Maybe it's because there's little else to do. I can't go anywhere and the peskiness of regular life - the laundry to be done, the accounts to be reviewed, the seam to be resown, the television shows to flip idly through - simply aren't there.

Maybe it's because, being in Alaska, even the shortest flights out of state are a minimum of three hours. Three hours of airline-mandated butt in chair. I've never sat for three hours straight while writing, not even on the one day in which I wrote eight thousand words. I can maybe go fifty minutes at a run.

Maybe it's because pretty much everything about airplanes bothers me. The rude travelers, the generally unsanitary conditions, the noise, the terrible food [with the exception of the Alaska Airlines fruit & cheese plate, which is amazing (unless you're flying out of Boston, in which case it's inexplicably yucky - I know there's good cheese back there)]. So I can either fester in my anger at and disdain for the other travelers or the delays, or I can bow my head, pull of my headphones, and drop right out of the sky into another world. One that exists because I enjoy it.

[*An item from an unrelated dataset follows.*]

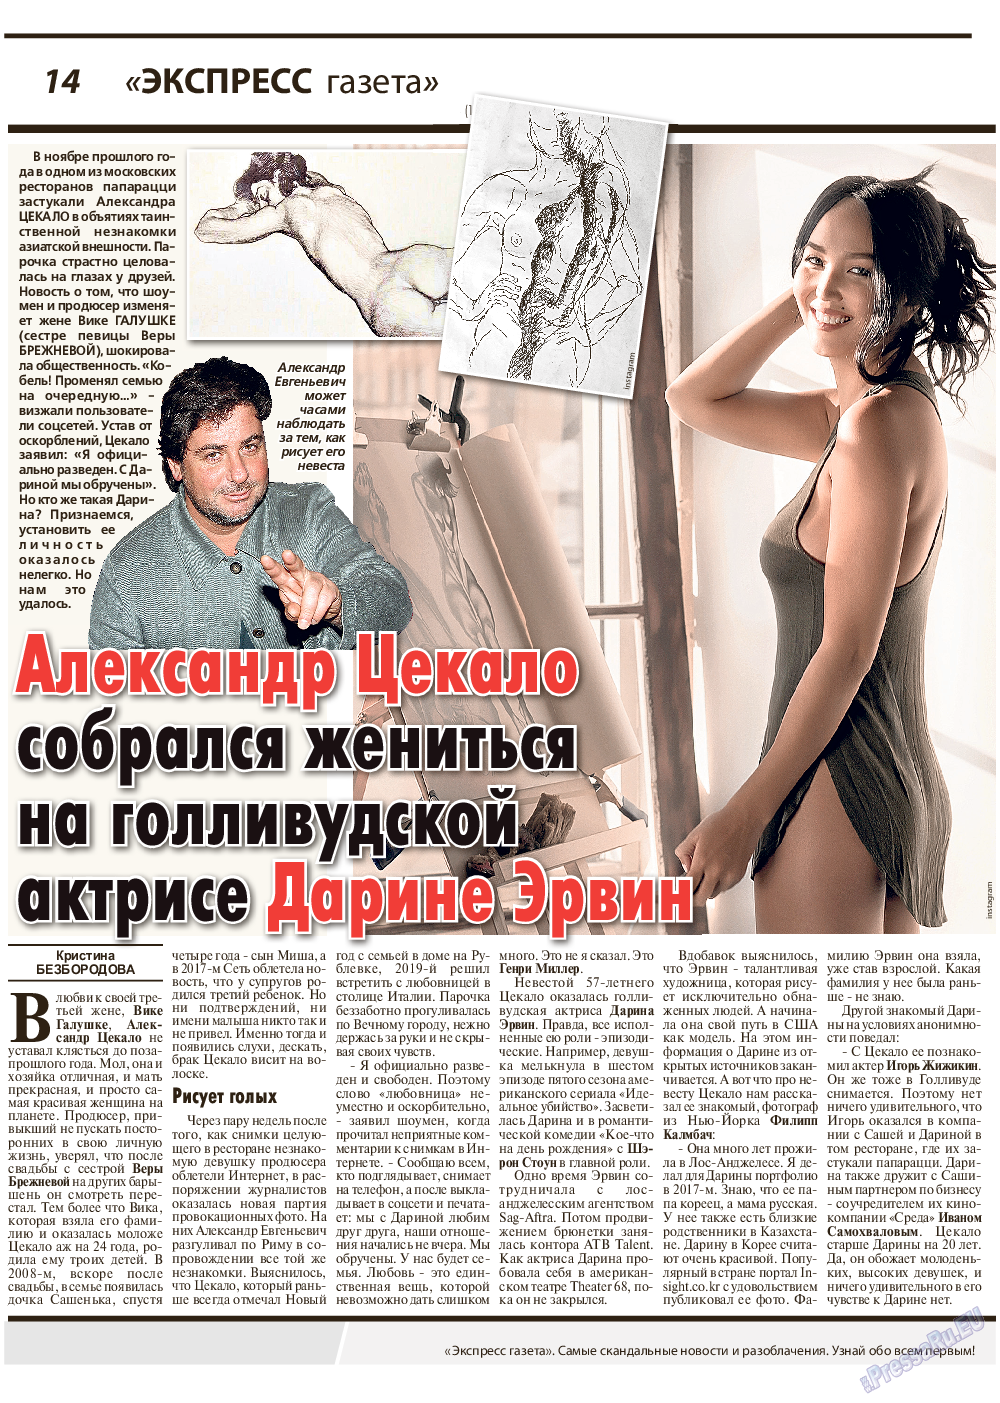 Экспресс газета (газета). 2019 год, номер 3, стр. 14

Reading is great escapism. Writing at 35, 000 feet is divine.

I'm actively (desperately?) seeking earthbound places in which writing comes as easily.

4 comments:

  1. I rarely fly anywhere. Maybe I should start, yes? ;)

    ReplyDelete
    Replies
    1. Next time you fly, just pay attention to productivity...then report back. :)

      Delete
  2. That is an expensive damn way to write a book, Jacques.